Aus der Gruppe des AKHD gab es viele Fragen, etwa nach der Aufnahme in die jüdische Gemeinschaft, der Trauer- und Bestattungskultur und der Kippa. Wenn die Mutter jüdisch ist, sind es die Kinder automatisch auch, wenn der Vater jüdisch ist, müssen die Kinder erst ein Aufnahmeprocedere durchlaufen, erklärte die Kantorin. Wer völlig ohne jüdischen Hintergrund ist, müsse sich umfangreich auf den Übertritt zum Judentum vorbereiten und die Beweggründe für sich und vor der Gemeinde klären.

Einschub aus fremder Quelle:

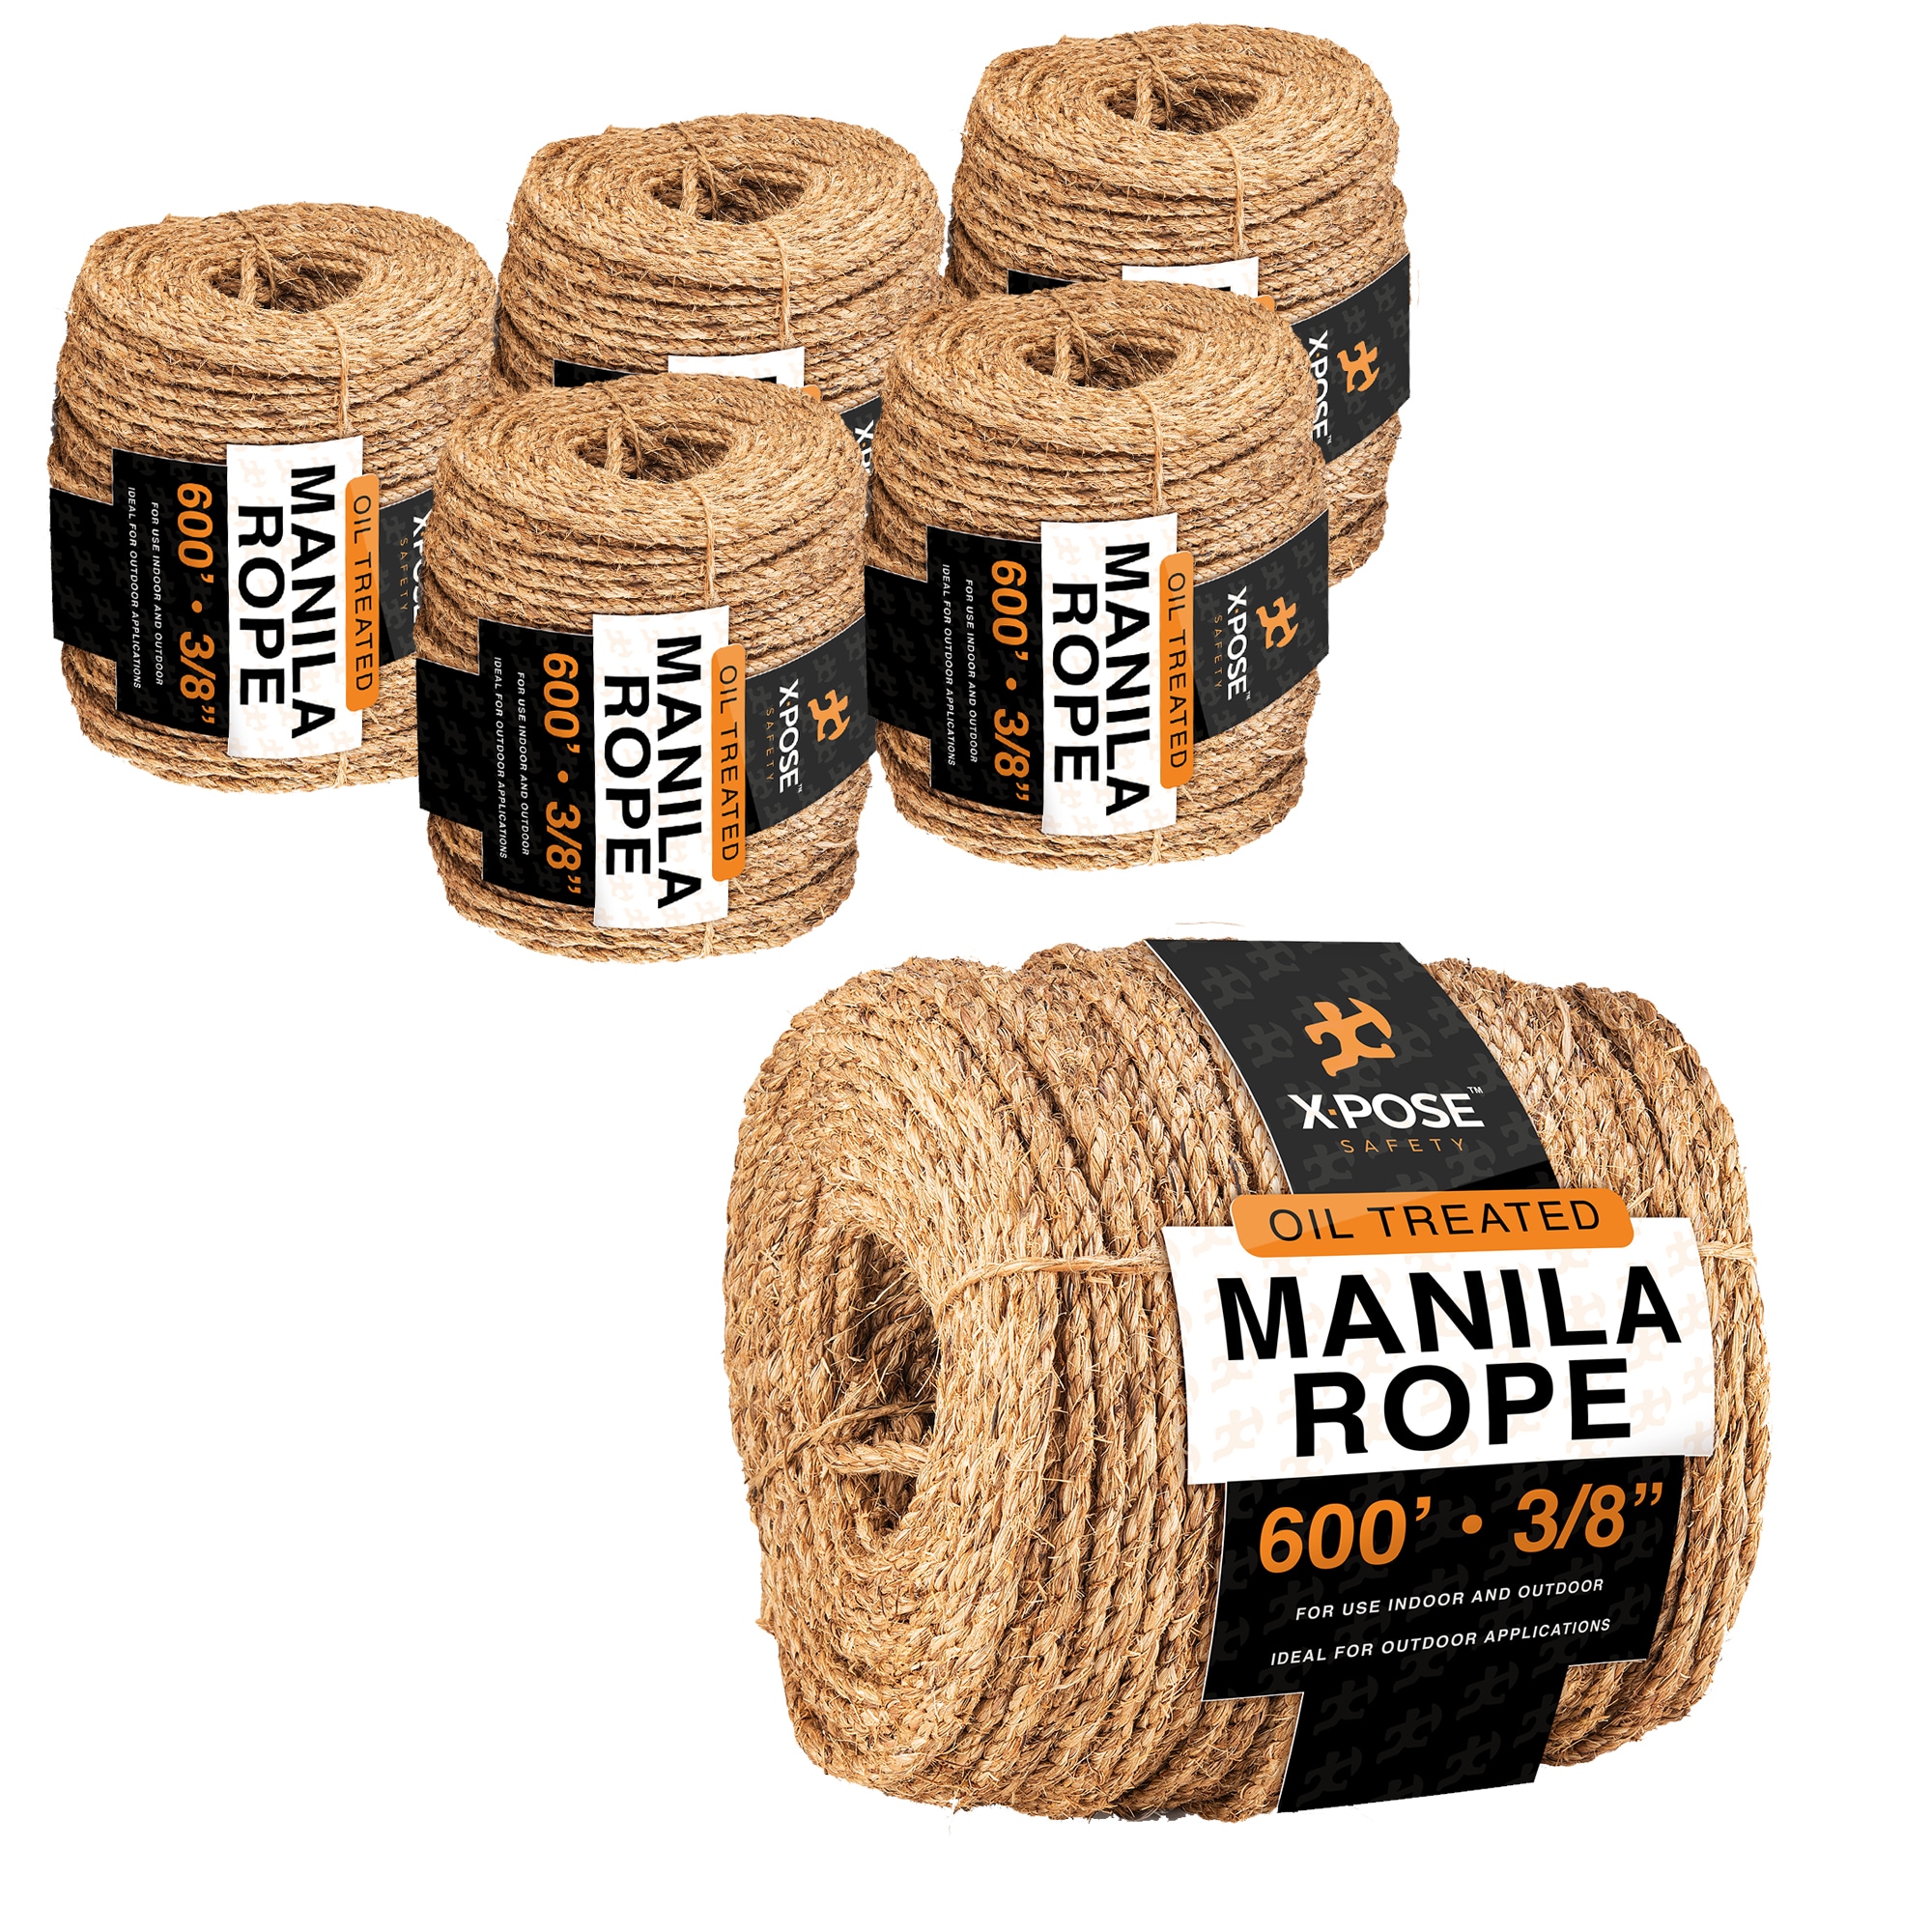 XPOSE SAFETY Manila Rope - 3/8 Inch Rope 600 Ft - 3 Strand Cordage Twisted  Braided Rope - Thick Natural Fiber Rope for, Marine, Decorative Rope for  Crafts, Porch Column, Outdoor Pole

In der jüdischen Begräbniskultur gehöre es zur Pflicht der Gemeinde, den Verstorbenen möglichst schnell und soll vollständig wie möglich in den Schöpfungskreislauf zurückzubringen. Deshalb werde der Tote innerhalb kurzer Zeit beerdigt.
Die leibliche Auferstehung sei kein Glaubenssatz, sagte Ejnat Willing. Das Judentum lege sich nicht fest, was in der jenseitigen Welt passiere. Das Leben im Hier und Jetzt stünden im Vordergrund. Die Kippa kann auch von verheirateten Frauen getragen werden. Das Tragen dieser Kopfbedeckung sei eher eine Tradition als ein Gebot.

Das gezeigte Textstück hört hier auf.